Every line from the one with "Original Bao -6,50€" to the end of the listing, and nothing else, is to be printed exactly; please leave the pictures out.

■ **DATA EXTRACT**:
===============
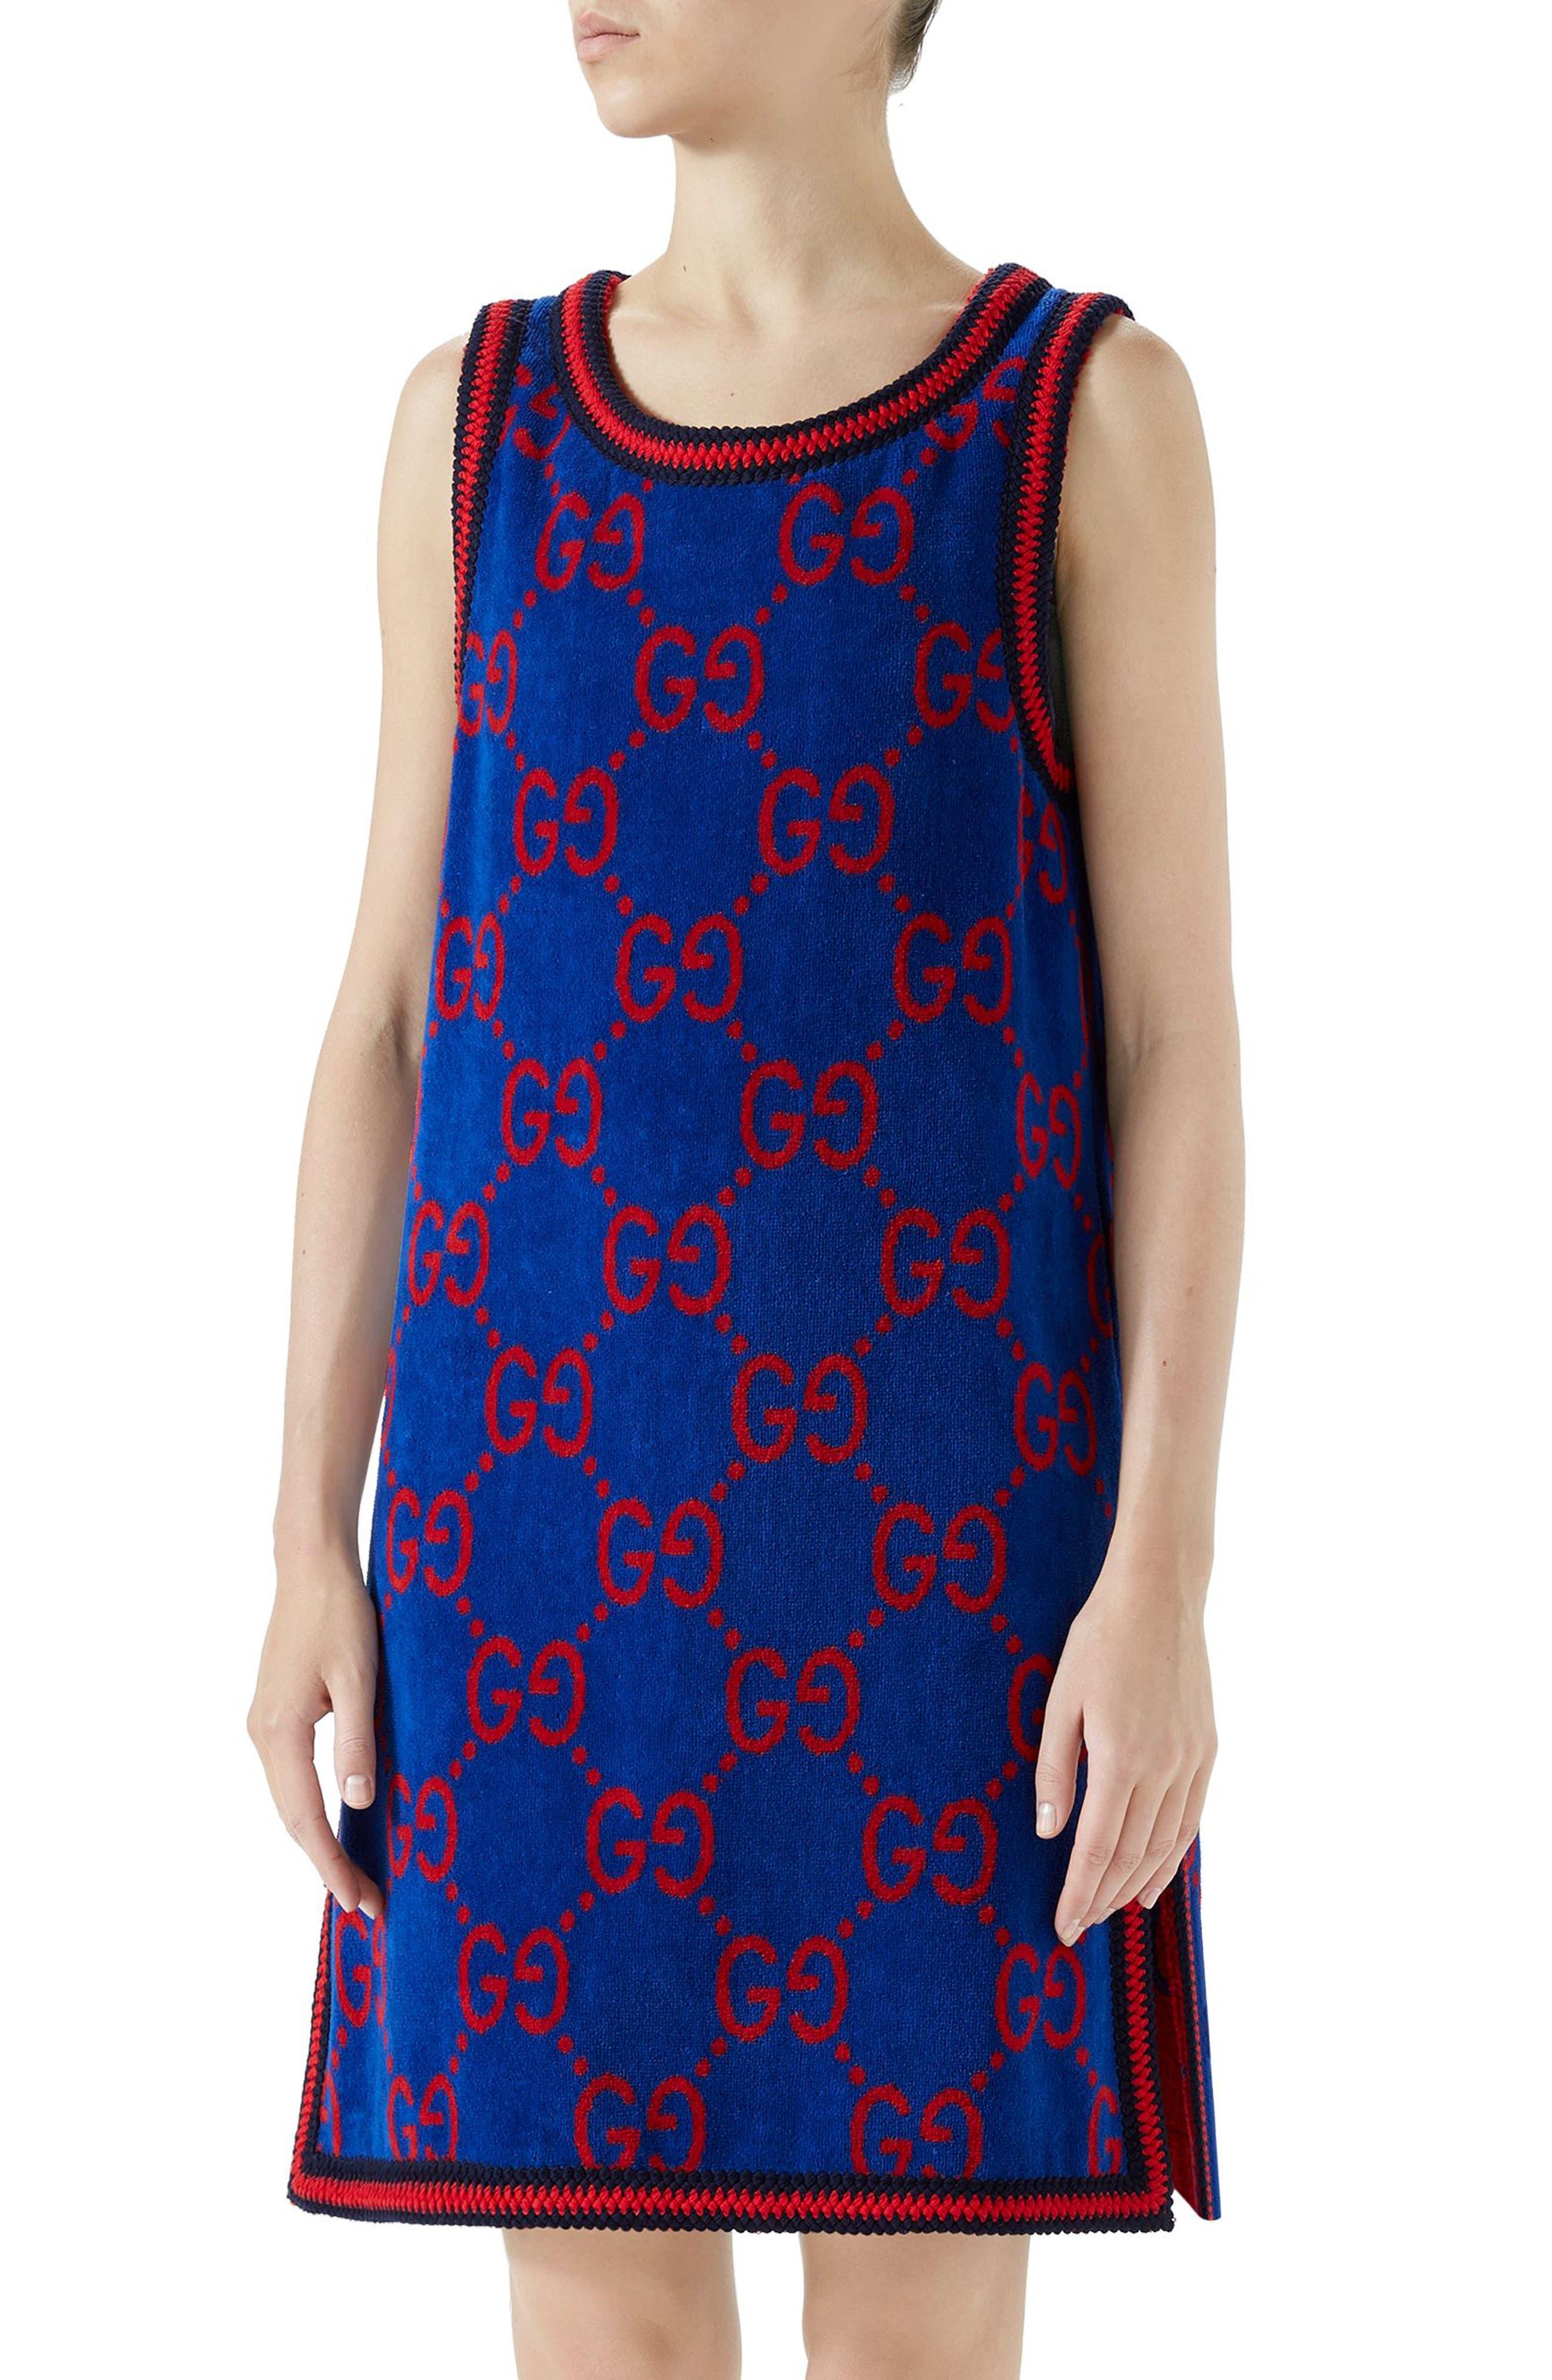 GG Cotton Jacquard Shift Dress,                             Main thumbnail 1, color,                             Multi
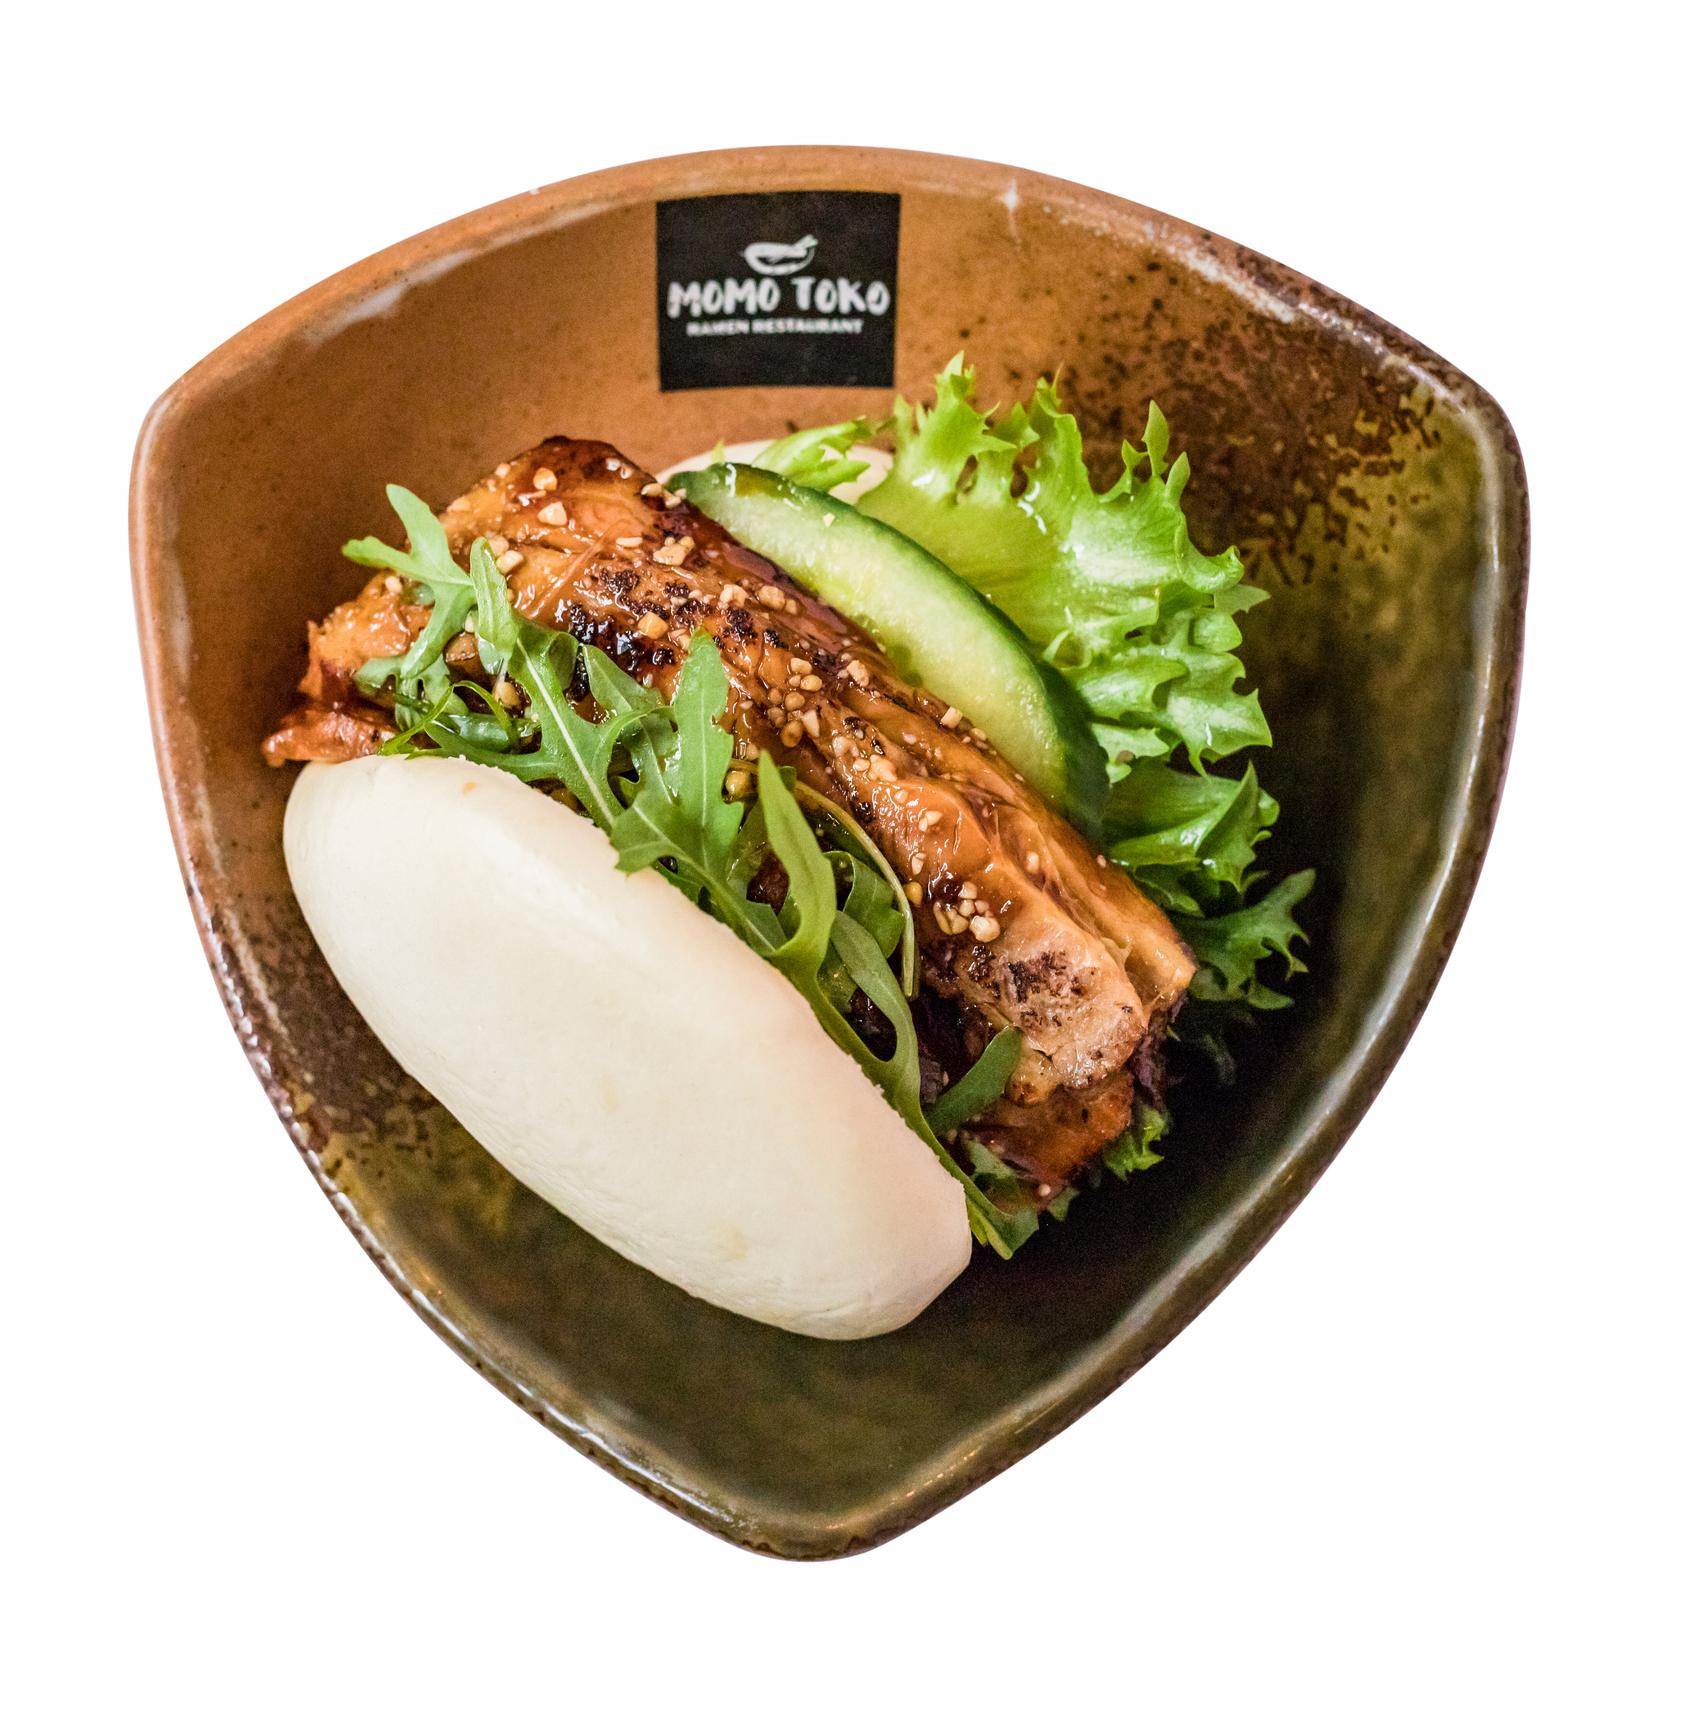 Original Bao -6,50€ - Höyrytetty Bao, Uuni Porsaankylkeä, Salaattia, Kurkkua, Rucolaa, Kevätsipulia, Pähkinöitä & Brown Rock Sugar(G, SP, P)
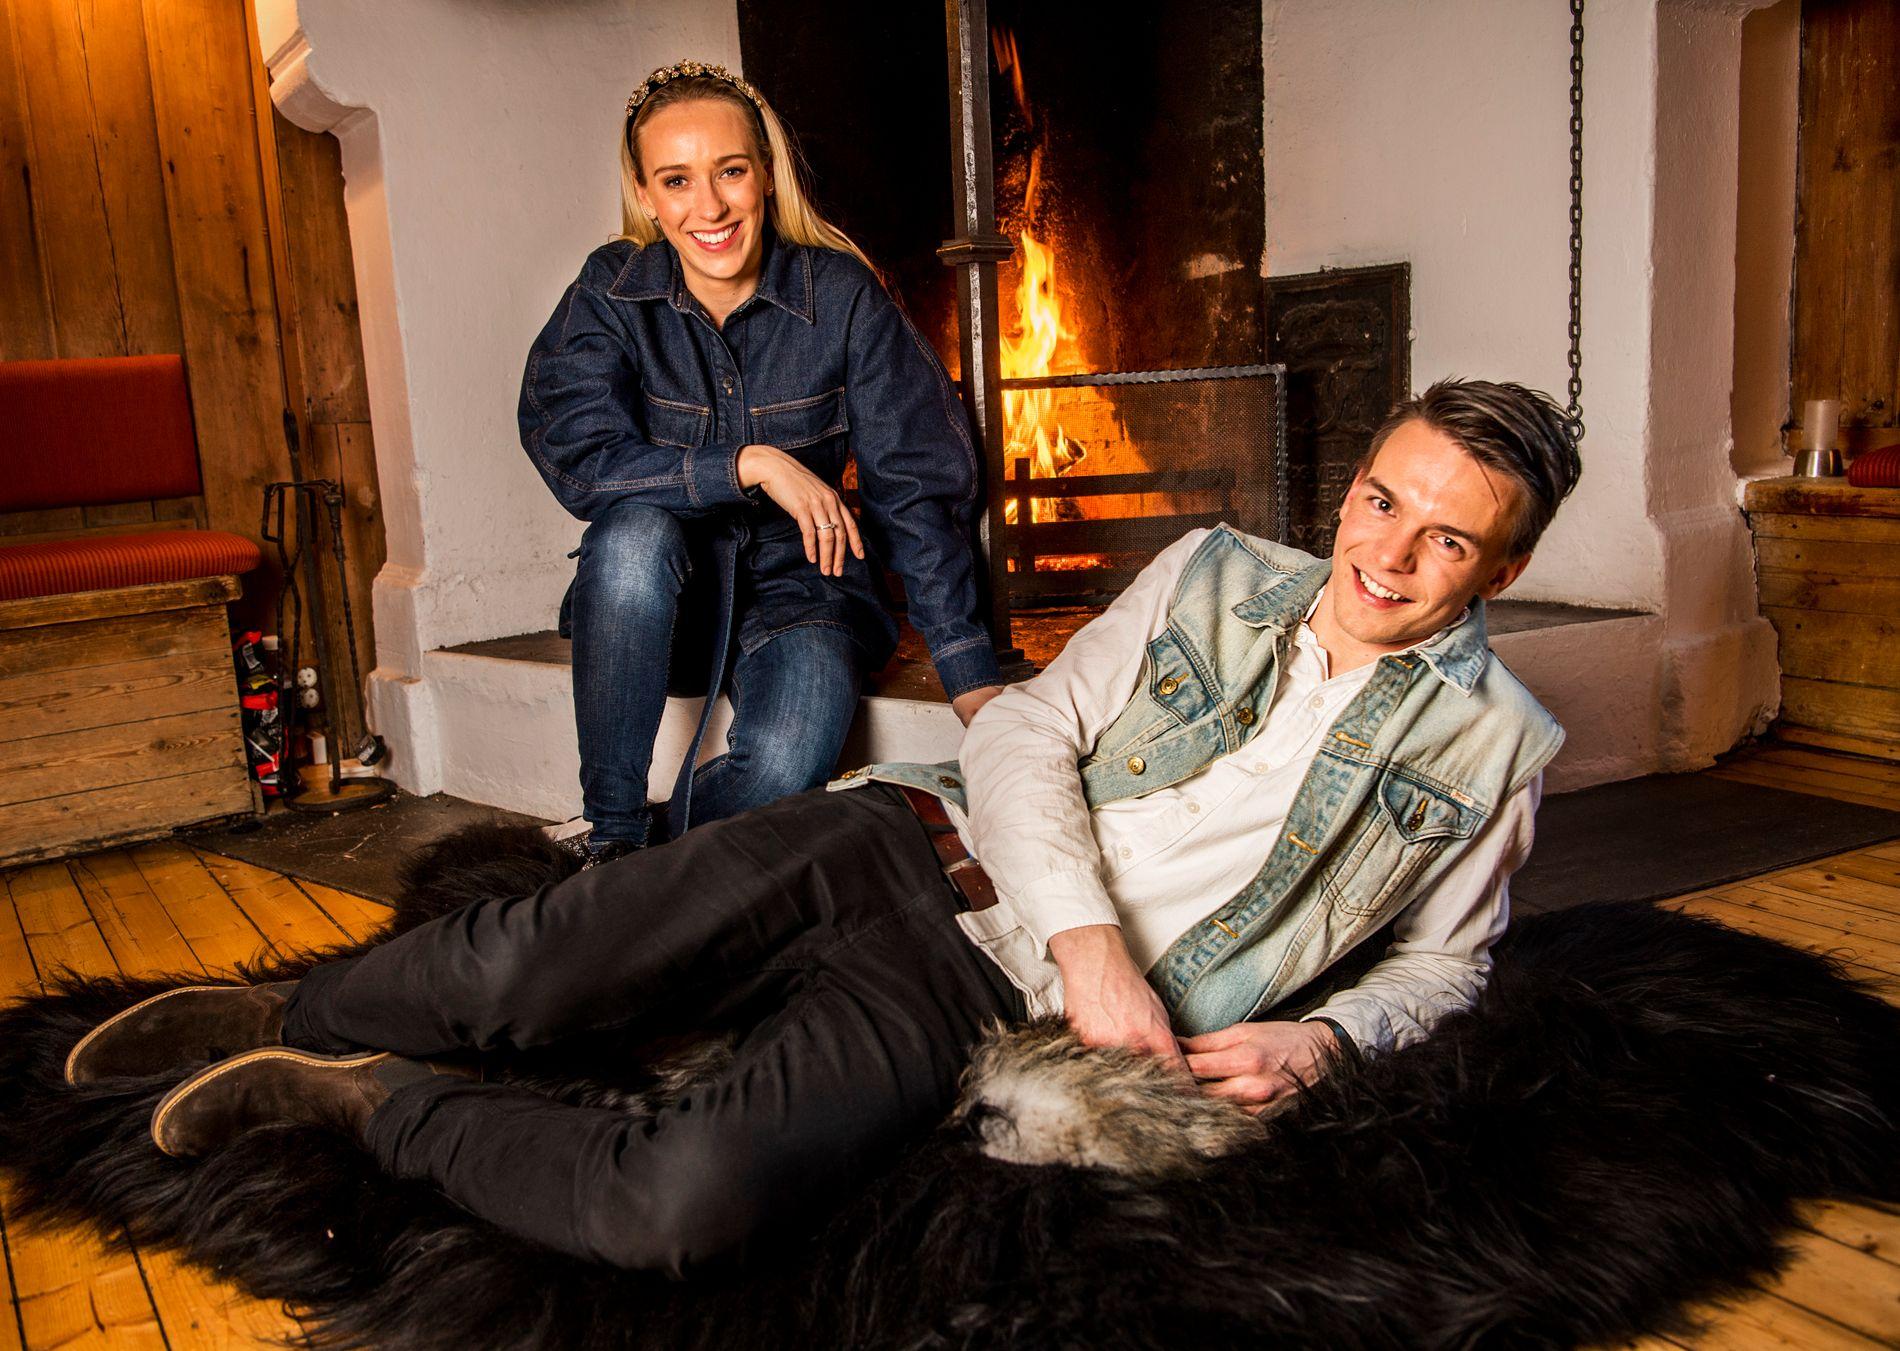 PRØVER IGJEN: Simen Gjølberg, her sammen med Katarina Flatland, fikk ikke helklaff i fjorårets «Jakten på kjærligheten», men nå prøver han seg igjen.
===============
■ **ANSWER FOR THIS EXERCISE**:
 Original Bao -6,50€ - Höyrytetty Bao, Uuni Porsaankylkeä, Salaattia, Kurkkua, Rucolaa, Kevätsipulia, Pähkinöitä & Brown Rock Sugar(G, SP, P)
 PRØVER IGJEN: Simen Gjølberg, her sammen med Katarina Flatland, fikk ikke helklaff i fjorårets «Jakten på kjærligheten», men nå prøver han seg igjen.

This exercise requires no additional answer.